Vampyres , a meticulous probing of the folkloric and Romantic antecedents of Bram Stoker's Dracula , presented a dizzying array of prototypes and symbolic interpretations of vampirism. It was also an indication of Frayling's great strength: the ability to write in a scholarly manner while never forgetting that a non-expert might like to understand it.

"I didn't grow up in a house with many books," Frayling says. "I was the first member of the family to go to university. I've always felt an obligation to write as clearly as I possibly can. Umberto Eco observed that you can write a PhD on Mickey Mouse.

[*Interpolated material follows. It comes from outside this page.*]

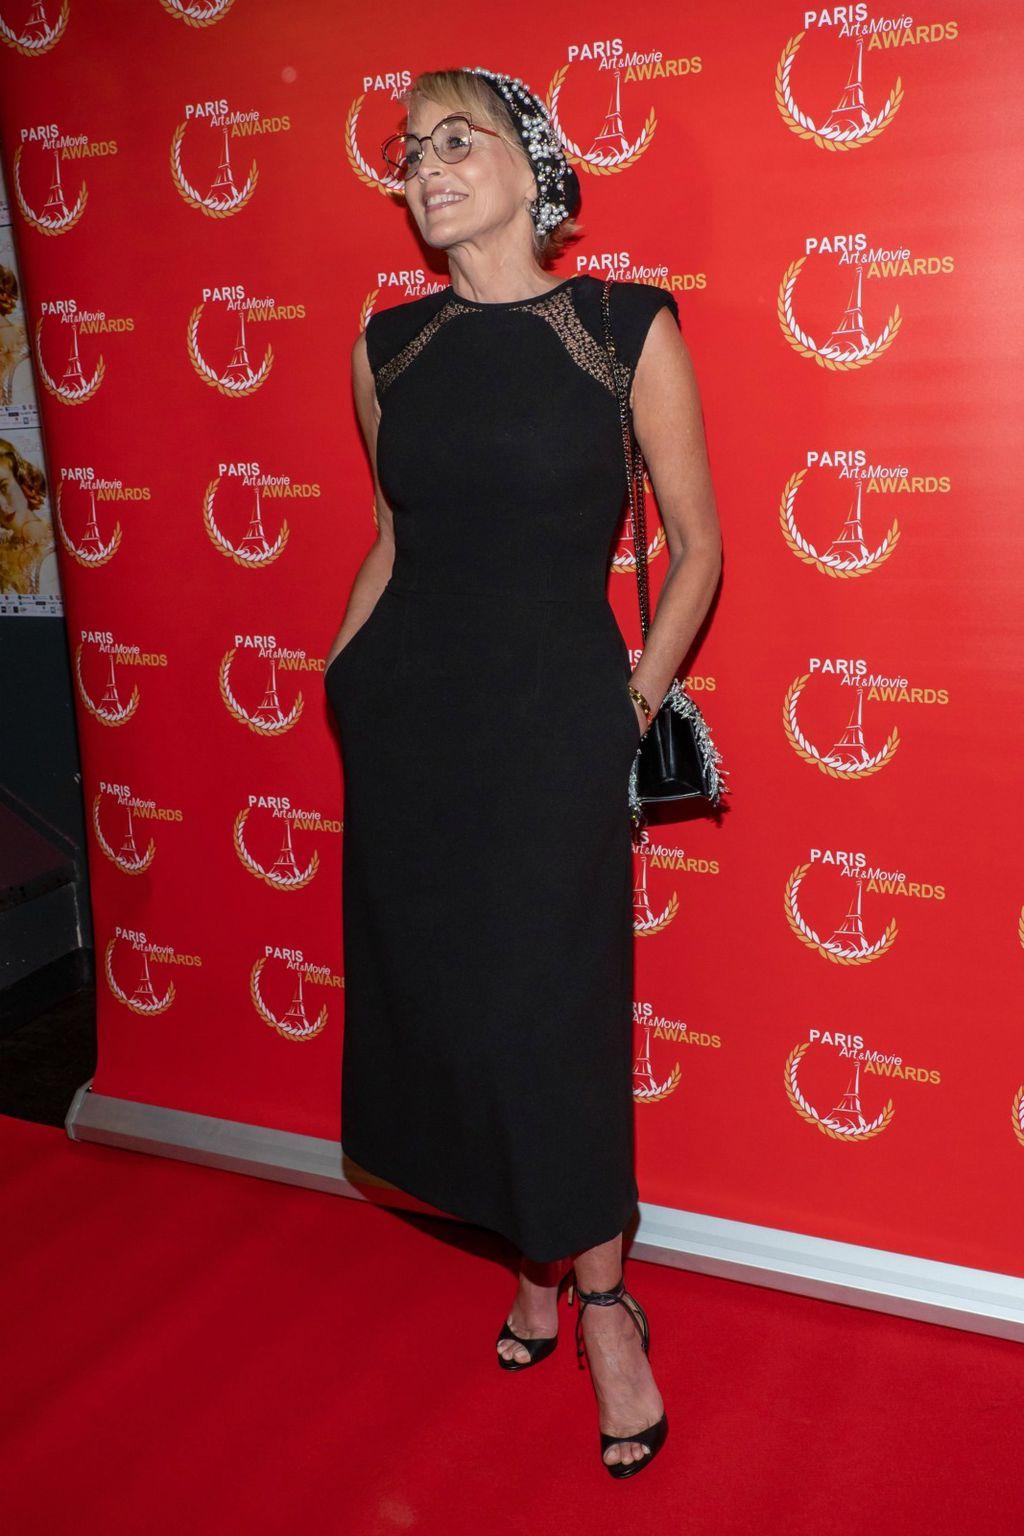 Sharon Stone na dodjeli nagrada PAMA - 2

There's nothing intrinsically trivial about any subject; it's how you approach it."

The mention of Hammer films is significant, suggesting at once his tendency to approach the historical via the contemporary, his sensitivity to visual media and a delight in genres often dismissed as unworthy.

"I've always felt it's important to make connections between what one's studying and how it feeds into the bloodstream of contemporary culture," he says. "When people dealt with contemporary culture, it was in a highly literary way. You approached Ingmar Bergman as though he were writing plays. It's partly because people have cultural hierarchies. At the top of the tree are fine art and literature, and certain kinds of music, and slowly you go down. In the mid-60s, the things at the bottom were sneerily categorised as popular culture. I couldn't understand why key art forms of the 20th century were looked down on in that way."

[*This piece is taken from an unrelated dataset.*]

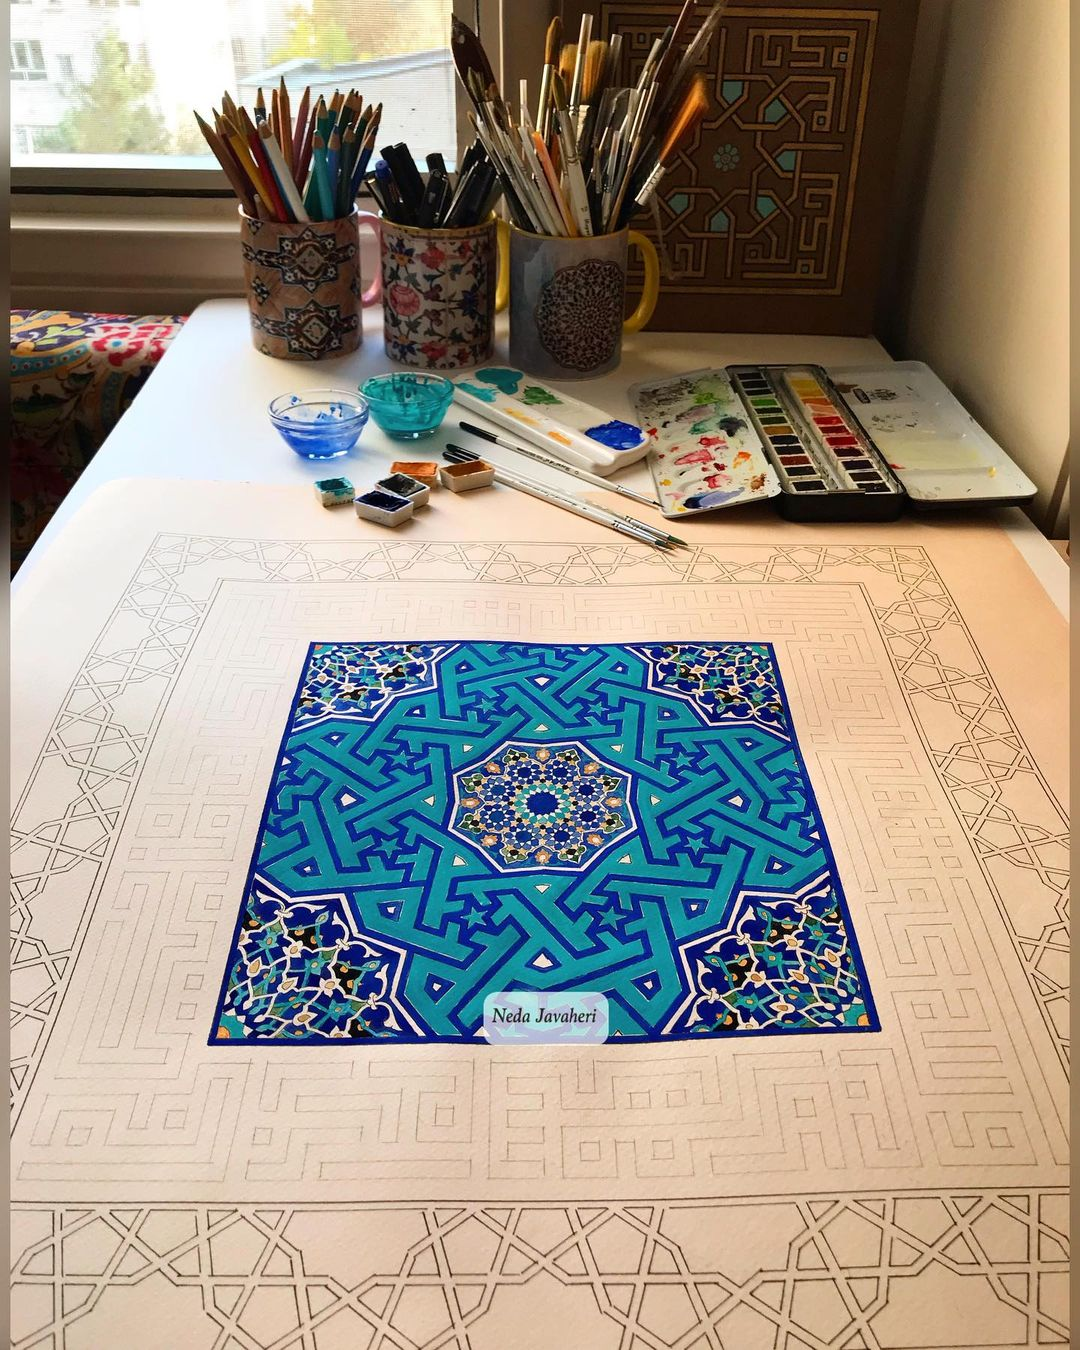 Karya Kaligrafi  ای در دل من میل و تمنا همه تو واندر سر من مایهٔ سودا همه تو هر چند  به روی کار …- Ne Javaher

Hammer horrors, with their "garish Victorian colour, sexuality, metaphor, fairy tales... this explosion of allegory and eroticism", blew away Frayling, coming as they did after the "gloomy British cinema of the mid-50s". It was no surprise that he responded with similar pleasure to the spaghetti westerns of the 1960s, which reinvigorated the fagged-out western genre just as Hammer injected fresh blood into the UK film industry. "I love taking up causes that everyone despises. Hammer was almost the lowest of the low, but Italian westerns were even lower. It became a crusade to make people take them seriously."

That crusade has resulted in several editions of Spaghetti Westerns , the magisterial biography of Leone, one of Clint Eastwood, and this year a lavishly illustrated Leone spin-off, Once upon a Time in Italy . Frayling has also written about Tutankhamun, the 1930s film Things to Come , and numerous aspects of art and design. Does anything tie such disparate threads together? "It's forms of art that are about metaphor, allegory and fairy tale," Frayling says, "the world of the imagination. I'm not so interested in realism. These are all kinds of Gothic."

And, one could add, all are searching yet approachable ways into popular culture - which is where Frayling's critics step in. "I'm not saying there's not good and bad," he insists. "I find completely misconceived the argument that certain kinds of artistic endeavour are intrinsically dumb.

There's good and bad in everything. There's great pop music, there's terrible pop music. But to say it's dumbing down simply to talk about those genres excludes nine tenths of the experience of living in the 21st century."